'Our Favourite Works' - Chosen by the team at Hunters LAW LLP
Hunters Law LLP, sponsors of London Art Week, shares its clients' passion for art, so we asked members of the team to select their own favourite works on offer at LAW Digital this summer. These are the results...
Gregor Kleinknecht, Partner at Hunters:
"Famous in his day, but now rather under-appreciated, Nehrlich perfectly captures the light and ambience of Venice with fine attention to detail. On the verge of the steam age, he captures the romantic "classic" Venice."
Hetty Gleave, Partner at Hunters:
"I know nothing of Laureano Barrau other than he is a Spanish Impressionist painter but I just love the way he has captured the light and movement of the child. It conveys the innocence of the moment perfectly and the quizzical look on the girl's face as if she is wondering why she is being painted, like he is stealing her moment. You get the impression of that the next movement of the swing would have produced not just an entirely different image, but a different picture."
She also chose:
"I have always been an admirer of Bomberg - one of the Whitechapel bad boys of art whose frustration and passion is almost palpable in his work. The strong brush strokes and striking colours are a perfect example of this and I would love to own one of his works."

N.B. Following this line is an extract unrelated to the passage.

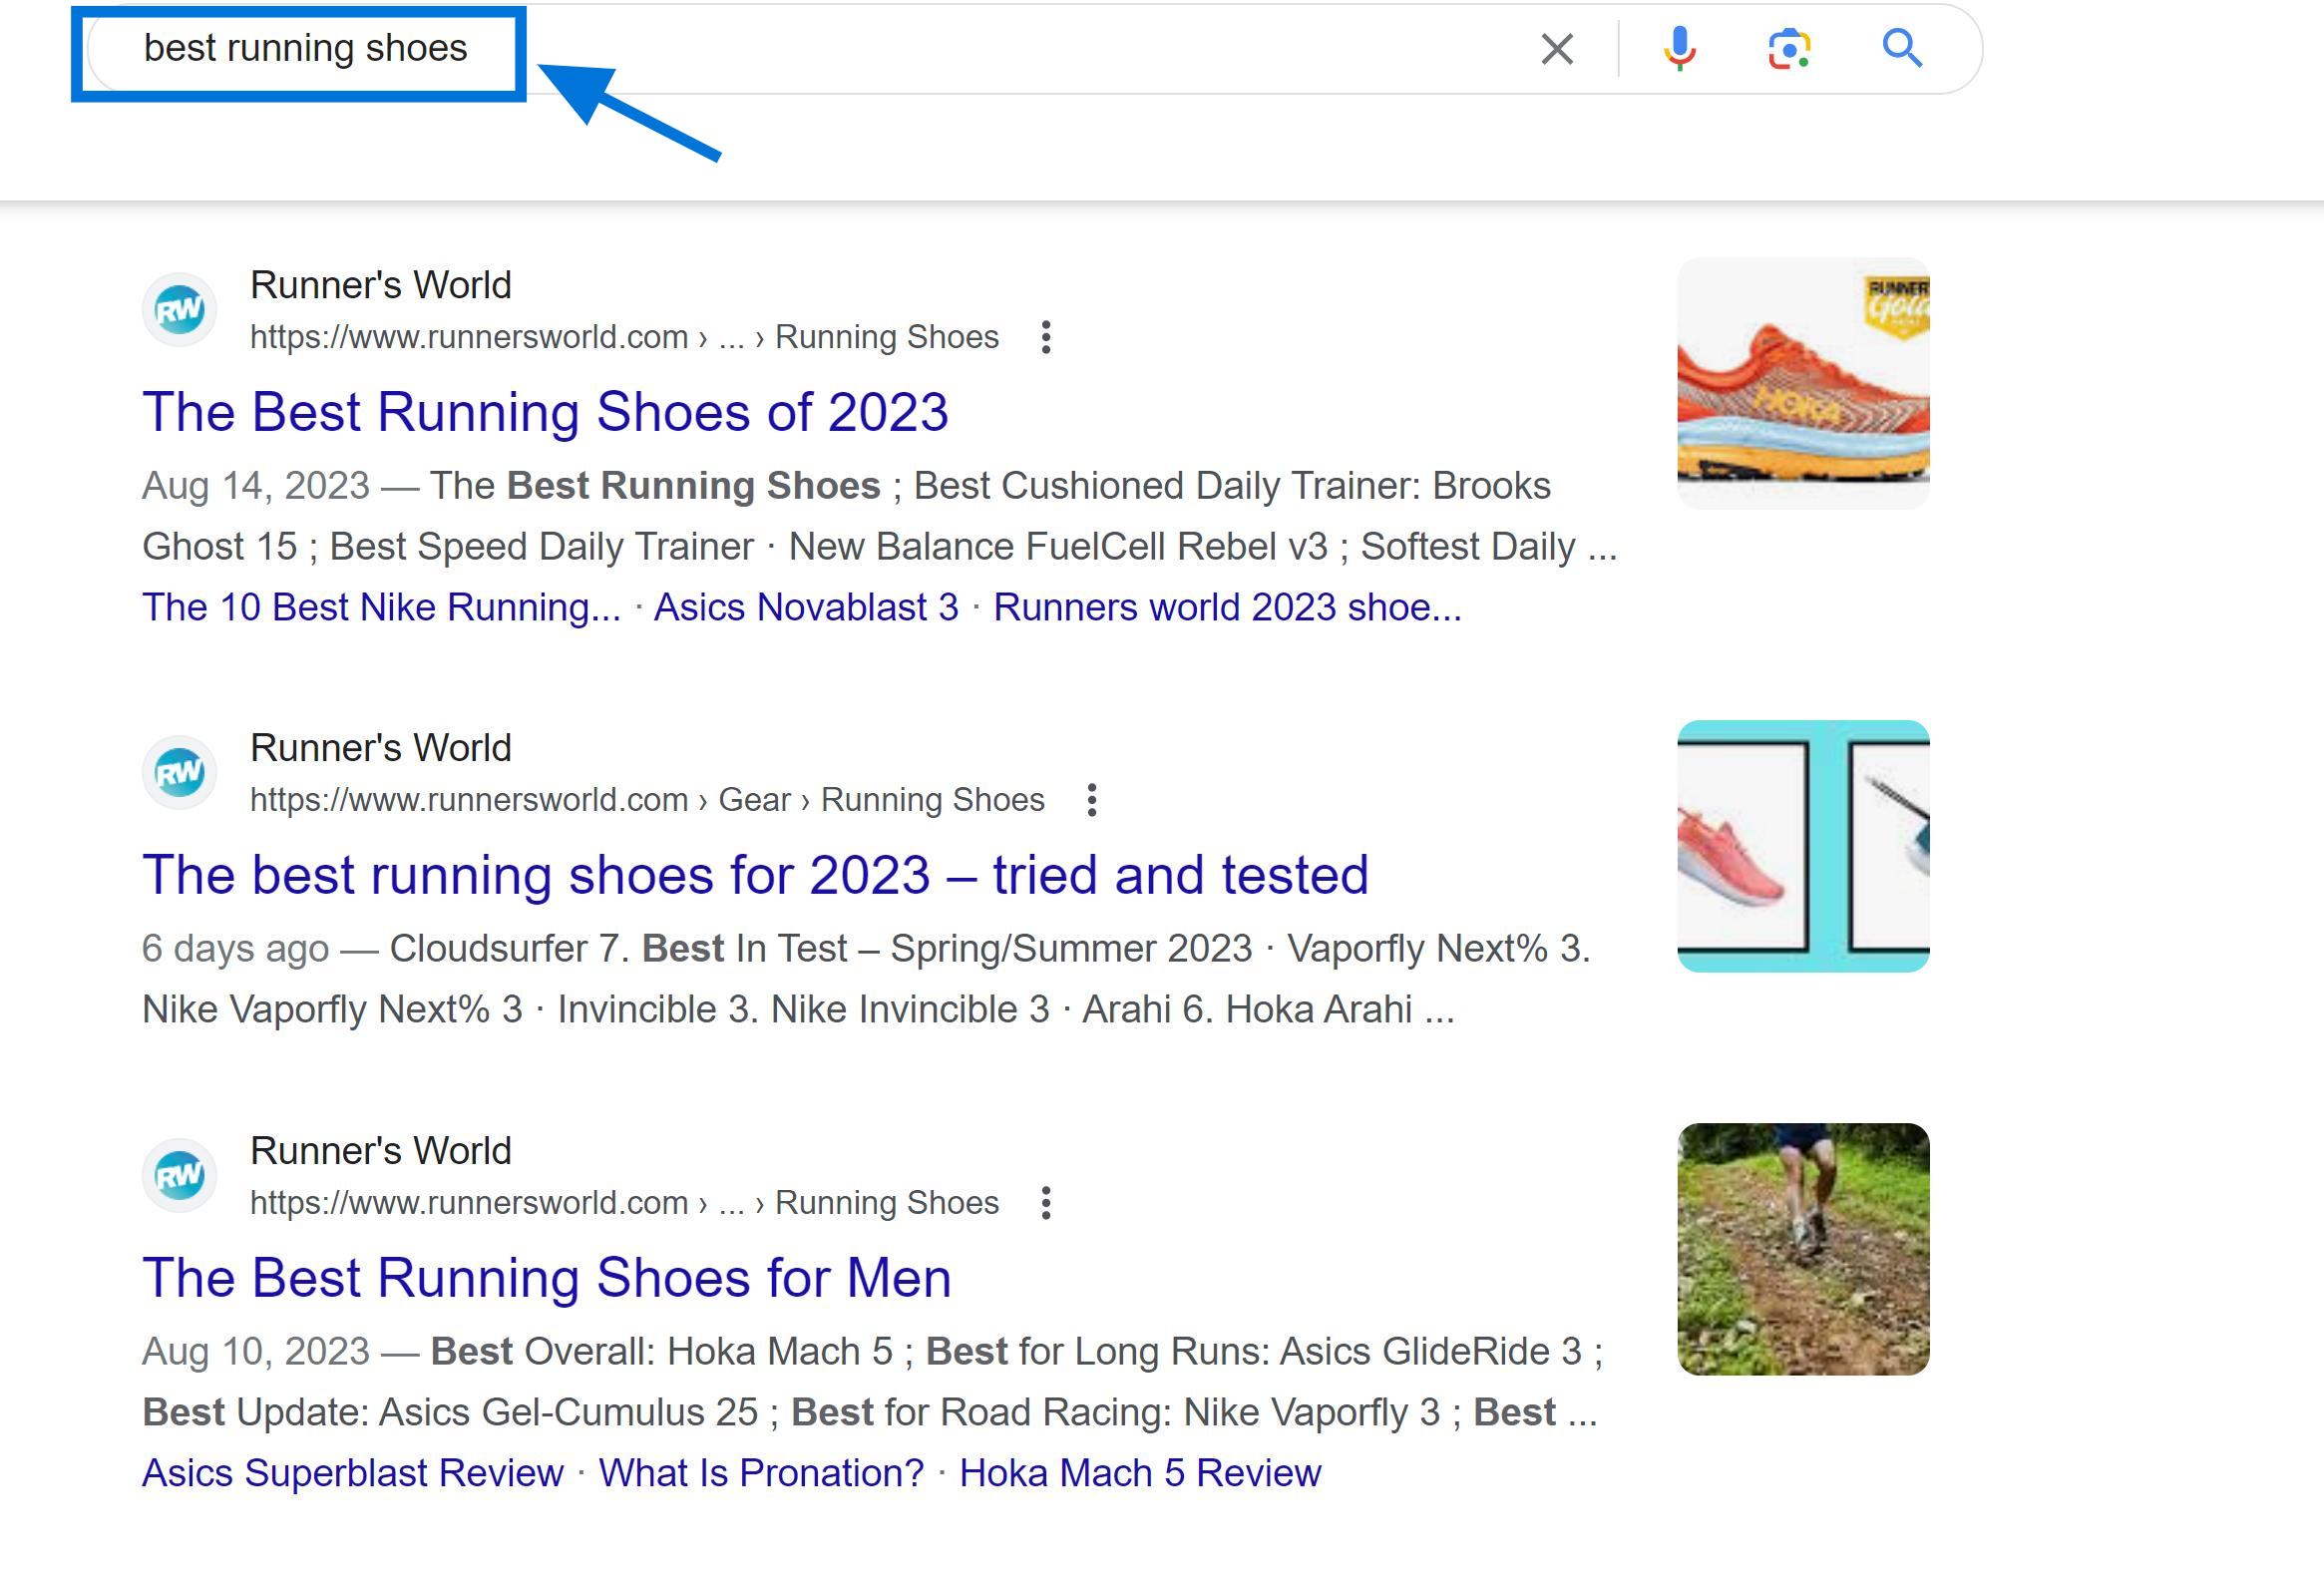 Search Results Example "Best Running Shoes"

Petra Warrington, Senior Associate at Hunters:
"I'm feeling strangely nostalgic about the Tube given that I have not set foot on it for over four months. In different times, I would love to be zipping towards Central London and popping in and out of London Art Week galleries. This is such a striking image and particularly resonates today given the eery emptiness of Tube stations and London generally. I would be thrilled to have it on my wall any and every day though."

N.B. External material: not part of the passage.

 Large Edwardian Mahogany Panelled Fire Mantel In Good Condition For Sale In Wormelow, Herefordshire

Rebecca Christie, Associate at Hunters:
"I have spent lockdown in the Suffolk countryside, betwixt The Pound, Benton End, and the site in Dedham where Cedric Morris originally ran the East Anglian School of Painting and Drawing. I have always enjoyed hearing the story of how the school finally came to be at Benton End. There was a fire at the Dedham school which was allegedly started by Lucian Freud's cigarette and according to Joan Warburton whilst the students were painting the blackened ruins, Alfred Munnings (who also lived in Dedham on Castle Hill) drove past crying 'Down with modern art'. What a superb anecdote!"